DeepSeek vs GPT-5: China's tech market turned into a gladiatorial arena
The era when we evaluated neural networks by their ability to write essays about plastic waste or generate code for a calculator is officially coming to an…
AI-processed from Jiqizhixin (机器之心); edited by Hamidun News
The era when we evaluated neural networks by their ability to write essays about plastic waste or generate code for a calculator is officially coming to an end. While Silicon Valley froze waiting for GPT-5, Chinese developers decided that the best test for intelligence is not an exam sheet, but stock quotes. China launched the first-ever arena for AI agents based on the high-tech STAR Market exchange. This is not a simulation or a closed beta test for the select few, but a full-fledged testing ground for autonomous systems in real financial market conditions.

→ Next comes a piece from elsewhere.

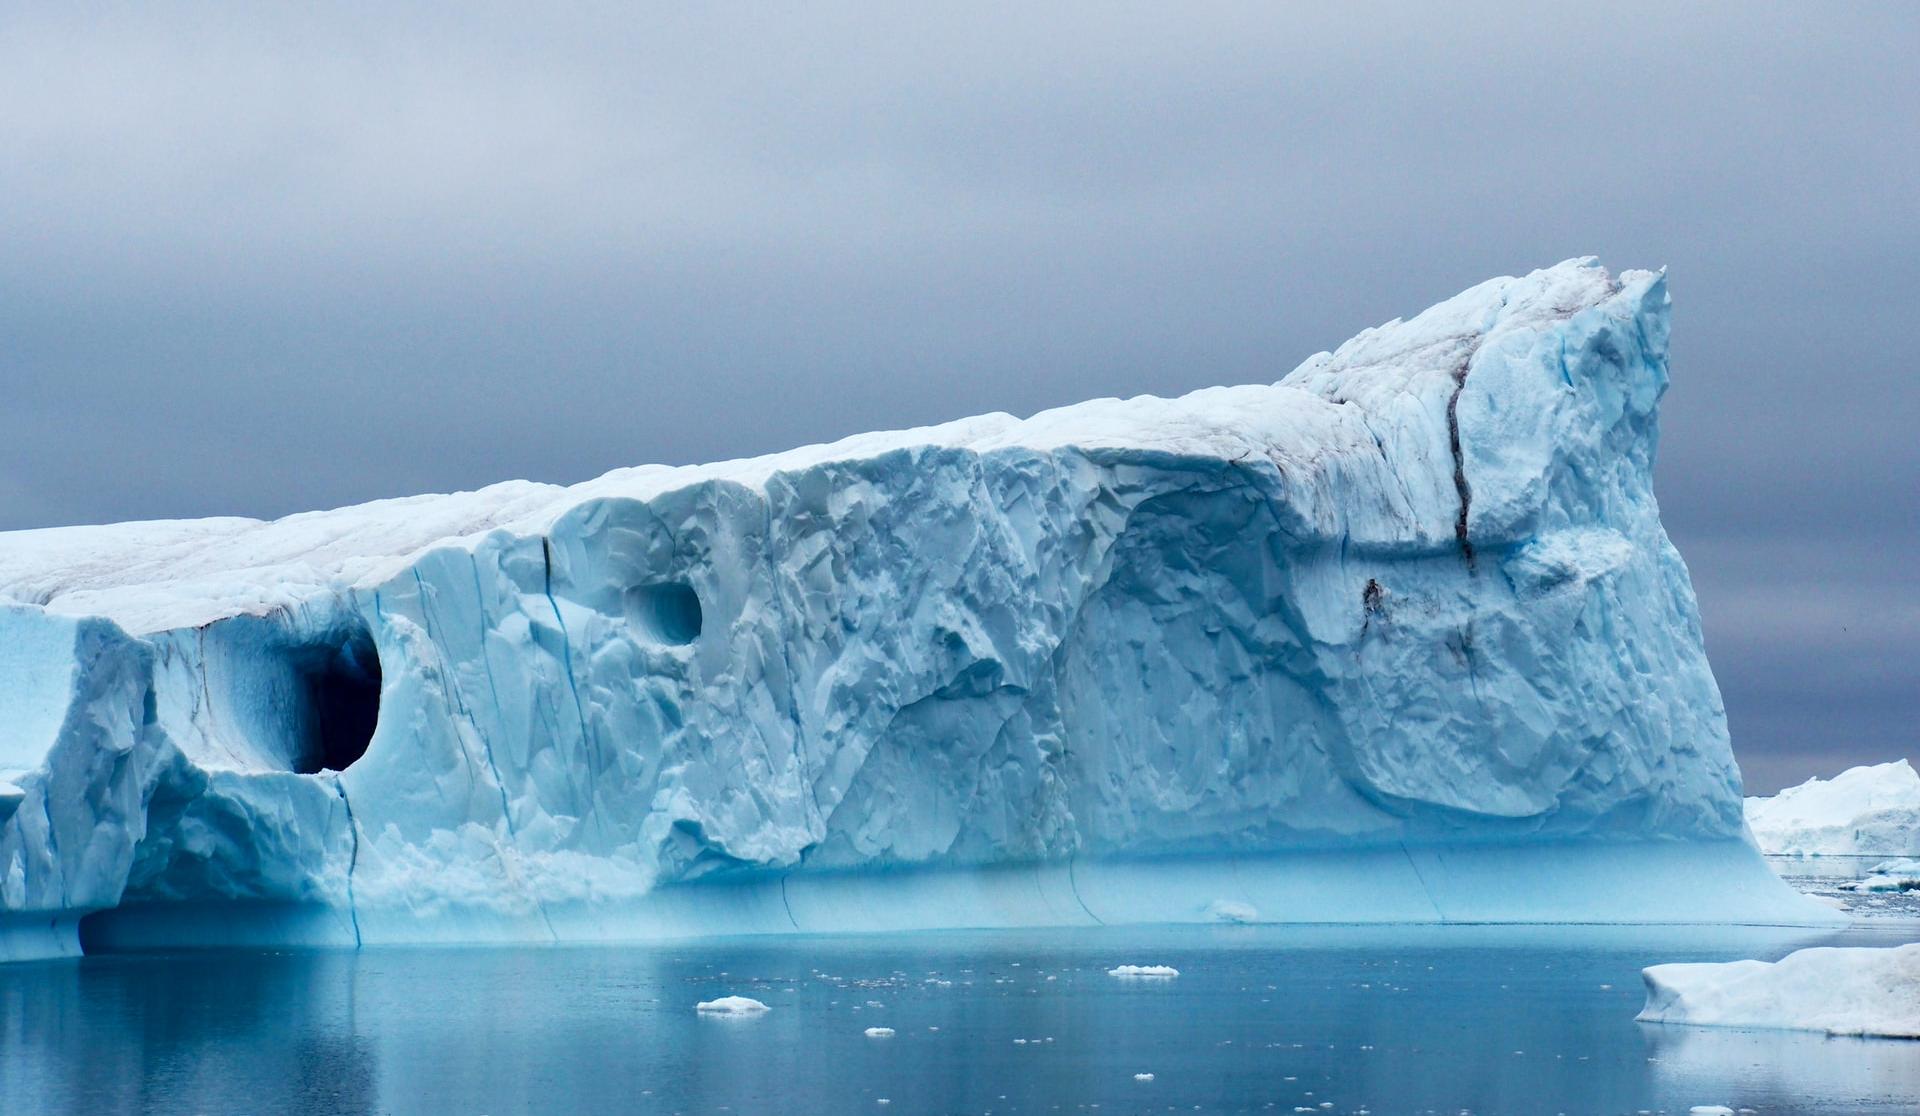 ВГренландии из-за аномальной жары стремительно тает ледяной покров
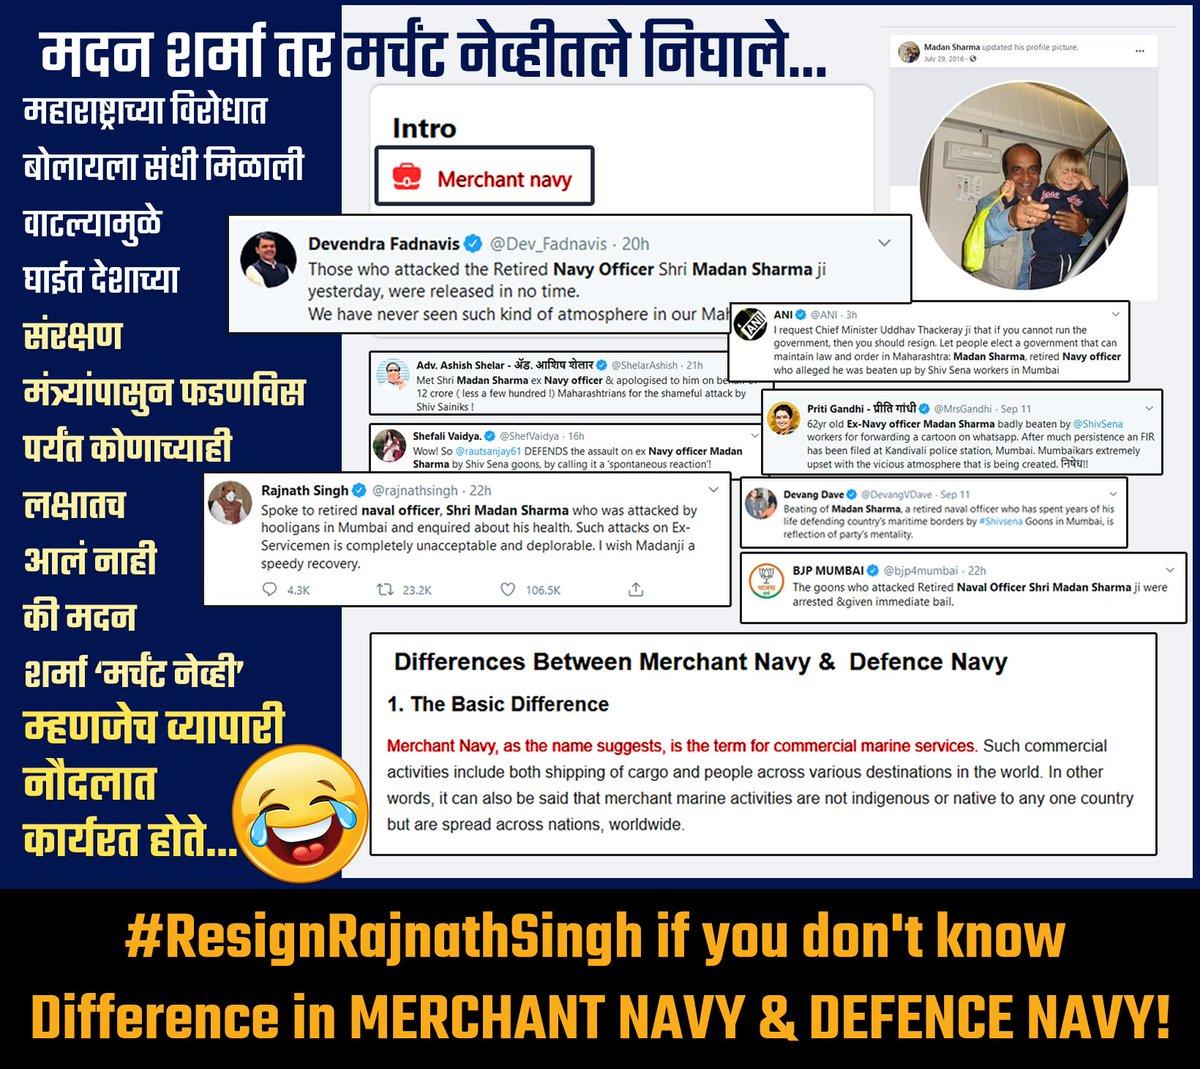 महाराष्ट्राबद्दल टीका करायला गुडघ्याला बाशिंग बांधुन उतावळ्या भाजपाकडुन #घोडचूक! मदन शर्मा MERCHANT NAVY त कार्यरत होते! हा सैन्याचा #अपमान आहेच पण केंद्रीय संरक्षण मंत्री पदाचा देखील घोर अपमान आहे.  #ResignRajnathSingh if you don't know difference in MERCHANT NAVY & DEFENCE NAVY https://t.co/dDLBsfp8E9

Context here matters more than the news itself. The industry has been living in "benchmark war" mode for the last six months. DeepSeek, a young and audacious Chinese lab, spooked giants like OpenAI and Google by showing results comparable to top-tier models at a fraction of the training costs. But numbers in tables are one thing, and real decision-making under conditions of high uncertainty is another. The launch of a trading arena on STAR Market is China's attempt to seize the initiative and set a new standard for evaluating AI. If you call your model "intelligent," give it access to a terminal and see how much money it preserves by the end of the trading session.
What exactly changed in the approach? Traditional tests check static knowledge. But next-generation AI agents need to be able to plan, use tools, and adapt. On the trading arena, models face the need to analyze massive amounts of data in real time, filter noise from signals, and most challenging, compete with each other. This transforms AI development from a purely software task into a strategic zero-sum game. There is no room for hallucinations here: an error in interpreting a financial report leads to immediate loss of position, not just a strange chatbot response.
Why is this important right now? We are witnessing a transition from "chatbots" to "agents." This is a fundamental shift. An agent is an entity that has a goal and tools to achieve it. China's financial sector, which has always been under strict control, suddenly becomes the most open place for such experiments. This suggests that Beijing is betting on AI not just as a tool for censorship or surveillance, but as a key economic driver. While the West discusses ethical risks and erects barriers, the East creates an environment where neural networks learn to survive and win under conditions of capitalist Darwinism.
The connection of this news to the upcoming GPT-5 release is obvious. OpenAI promised that their next model would have "reasoning capabilities." But Chinese DeepSeek is already here, and it's already on the exchange. If it turns out that specialized and lighter models handle financial planning tasks better than universal monsters from San Francisco, then the strategy of "the more parameters, the better" will have definitively lost. We are entering a phase when efficiency will be valued higher than raw power.
Bottom line: benchmarks are dead, long live the real sector. The ability of an AI agent to operate on the STAR Market exchange is the first step toward full autonomy in corporate governance. Are we ready to trust our portfolios to an algorithm trained on Chinese low-cost chips, or will we wait for salvation from Sam Altman?